Evacuation of Filipino Workers in Libya
Philippine Foreign Secretary Albert del Rosario left Manila on 25 February for Libya, to oversee the Philippines’ evacuation program for its nationals. Arriving in Tripoli on 27 February, he led on the following day the first evacuation convoy organized by the Philippine Embassy in Tripoli, numbering 58 buses and vans, which carried 550 Filipino workers from Tripoli to the city of Djerba in Tunisia. Other overland evacuation routes from Tripoli to Tunisia and from Benghazi to the Egyptian border town of As Sallum have been established.
The Philippine Government and its Embassy in Tripoli established evacuation sites and routes, as well as shipping arrangements, to bring Filipino workers out of Libya. The Philippine Government has allotment PHP 100 million for the repatriation program and emergency services for affected Filipino workers.

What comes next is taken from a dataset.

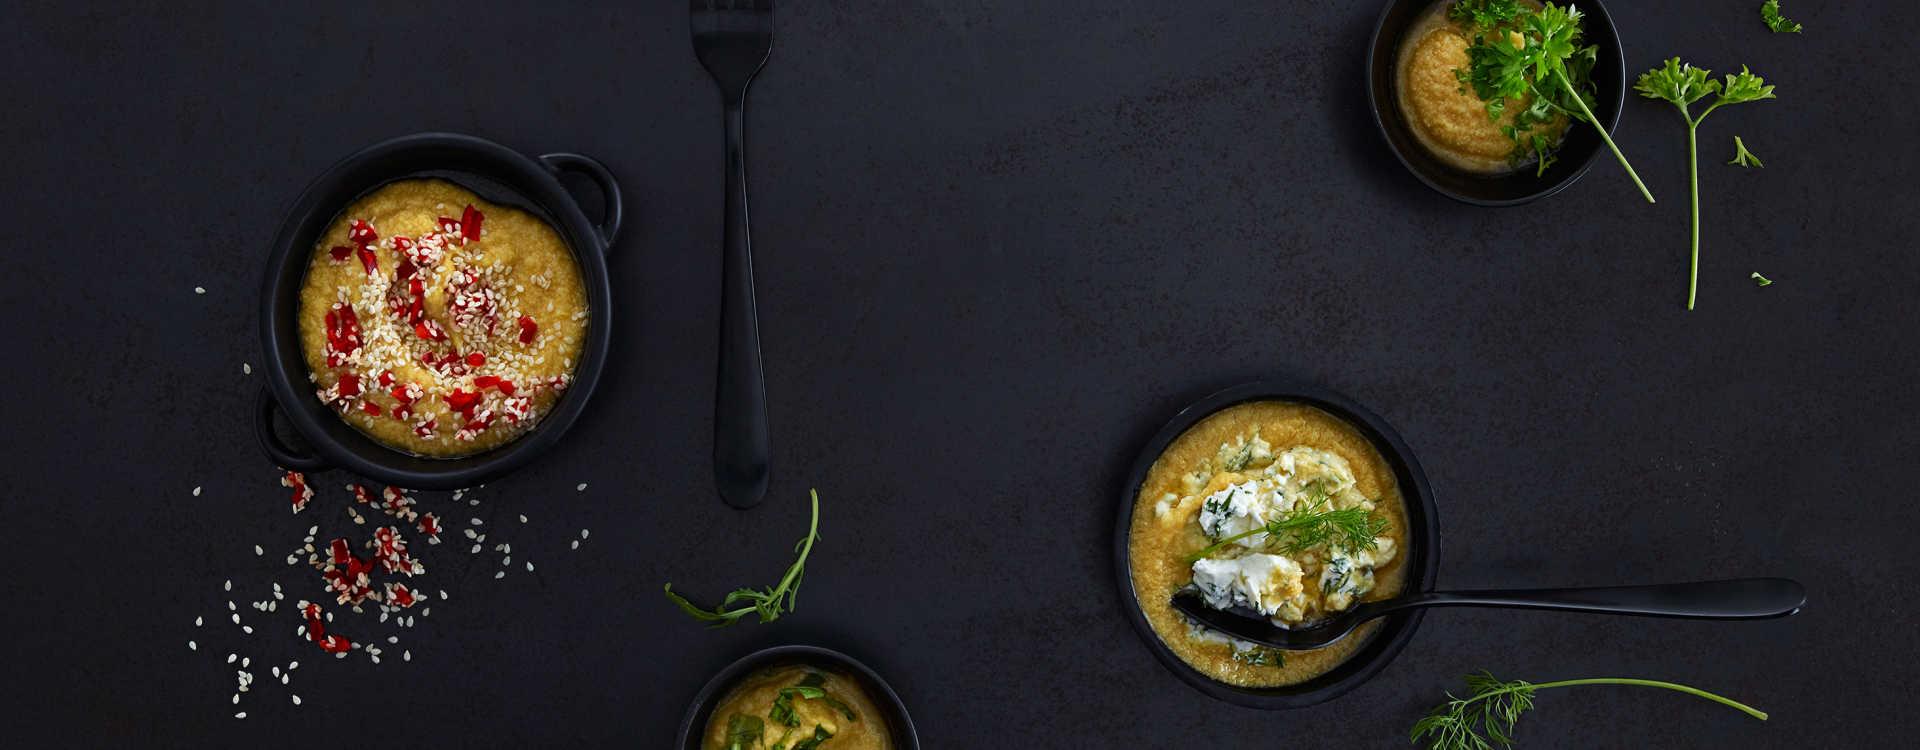 Hummus med ruccola

The shipping arrangements will take Filipinos in Banghazi and in Tripoli to Crete, from where they will be flown to Manila. The Philippine Government chartered the vessel Ionian Queen to evacuate Filipinos stranded in the port city of Benghazi. The vessel left Athens on 28 February and was scheduled to arrive in Benghazi on 1 March.
Various companies have evacuated their Filipino manpower complements through commercial flights, flying them out of Libya to other cities – such as Madrid and Paris in Europe, or adjacent countries such as Malta and Egypt – then onward to Manila.

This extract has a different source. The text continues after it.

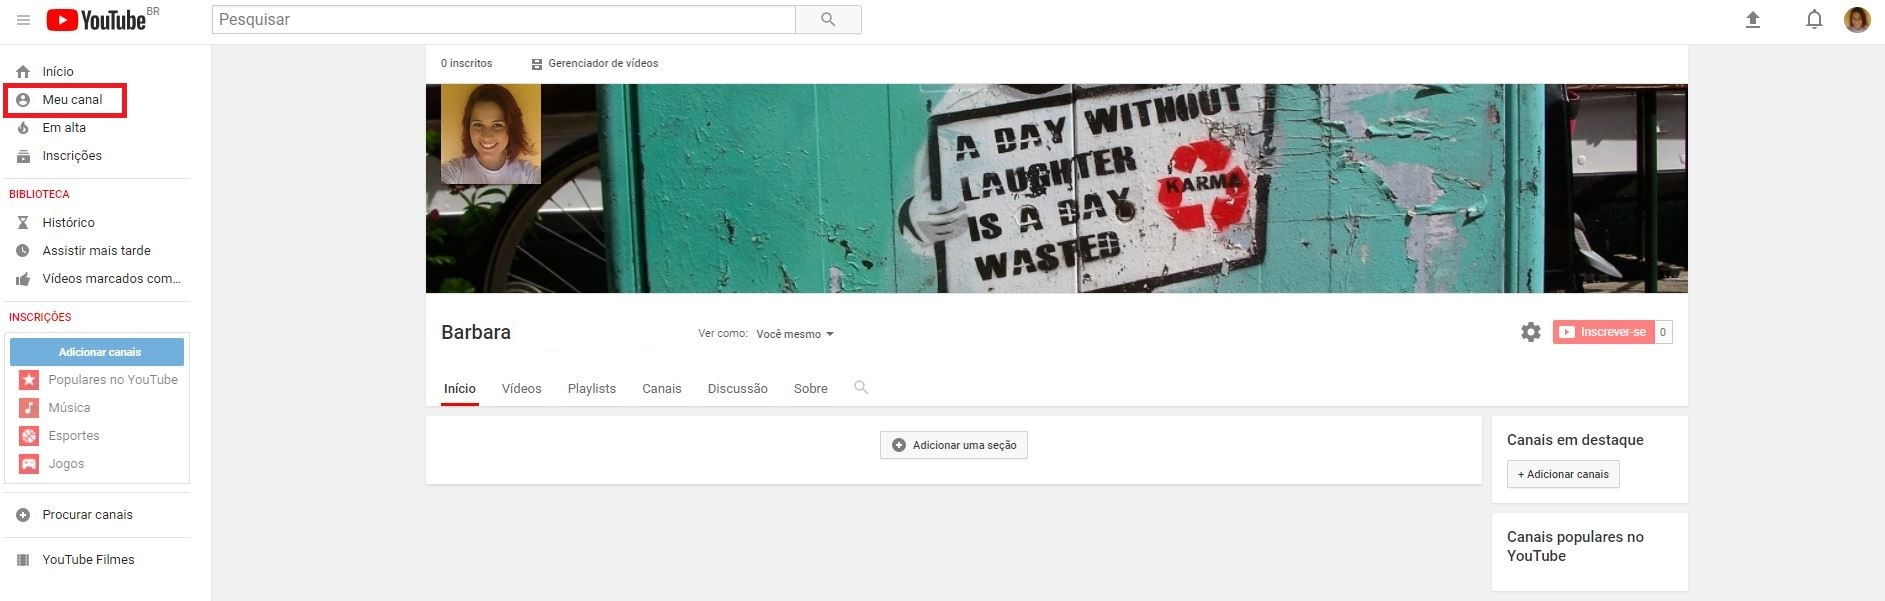 criar um canal no YouTube - imagem indicando o botão de 'Meu Canal'

Places have been activated as relocation sites – the Philippine School in Tripoli, the Filipino Workers Resource Center in Tripoli, and the two Philippine Schools in Benghazi – where Filipinos can gather in safety for transferring to evacuation points. However, the sheer number of hundreds of Filipino workers seeking to leave the country have overcome these facilities.
The Philippine Embassies in Manama (Bahrain) and Riyadh (Kingdom of Saudi Arabia) are on alert mode and are ready to implement an evacuation program if the situation calls for it. There are 31,000 Filipinos in Bahrain and 1,400 in Yemen. The Filipinos in Yemen are under the consular jurisdiction of the Philippine Embassy in Riyadh.

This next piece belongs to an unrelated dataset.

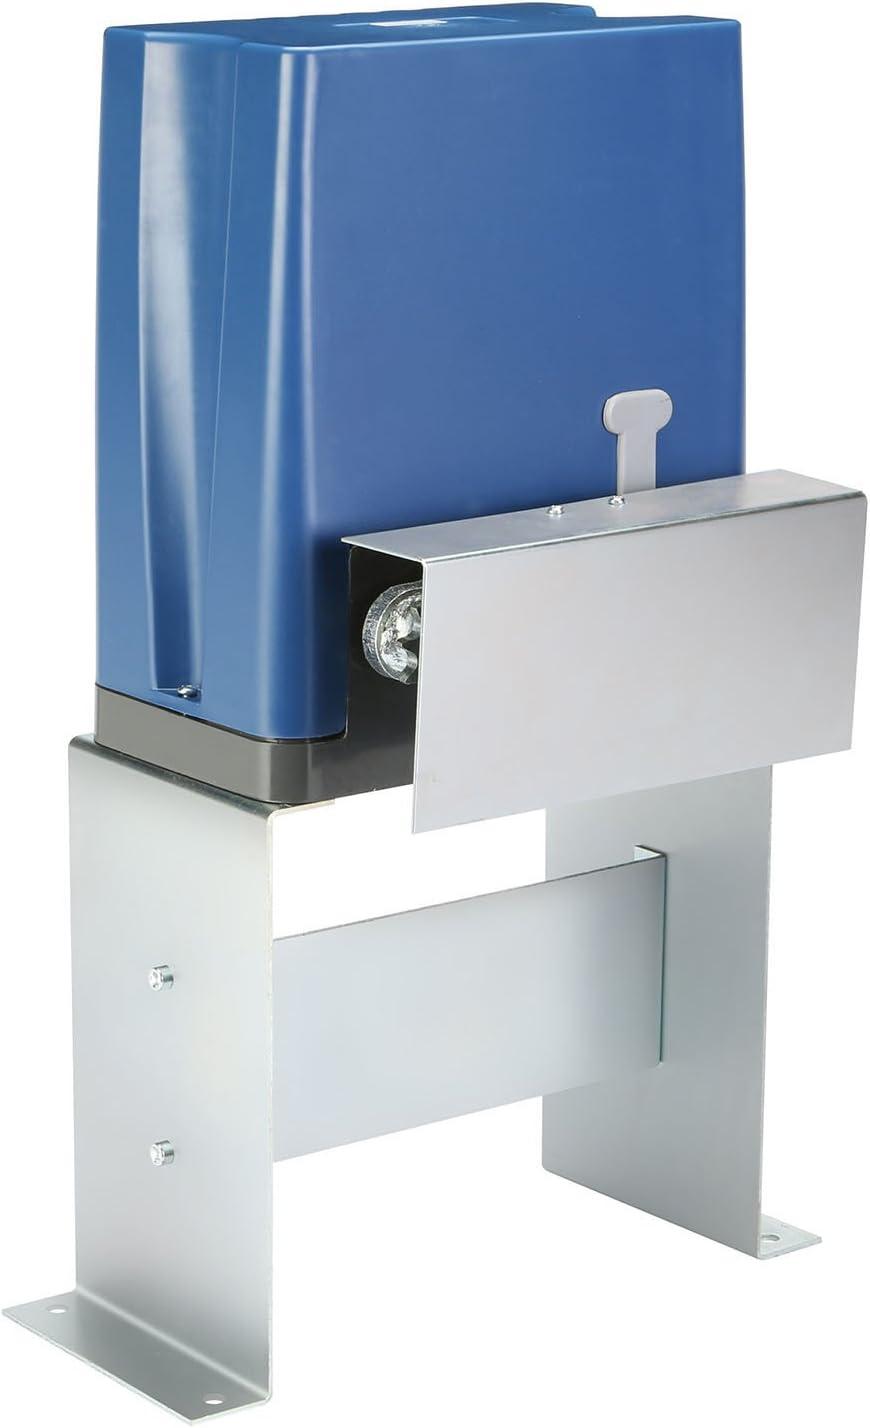 VEVOR - Juego de apertura de puerta corredera eléctrica automática con mecanismos para puertas de hasta 635 kg que permite la apertura con mandos a distancia inalámbricos: Amazon.es: Bricolaje y herramientas

Philippine embassies and consulates in other countries are on full alert status to assist Filipino evacuees transiting through their jurisdictions.
On 26 February, the Philippine Department of Foreign Affairs in cooperation with telecommunication company Smart Communications set up a Libreng Tawag (free call) public service station for families in the Philippines to contact family members in Libya. Four 24/7 hotline numbers were also established for families to call for information on the situation of Filipino workers in Libya; the numbers are: +632 834 4580; +632 834 3245; +632 834 3240; and +632 834 4646.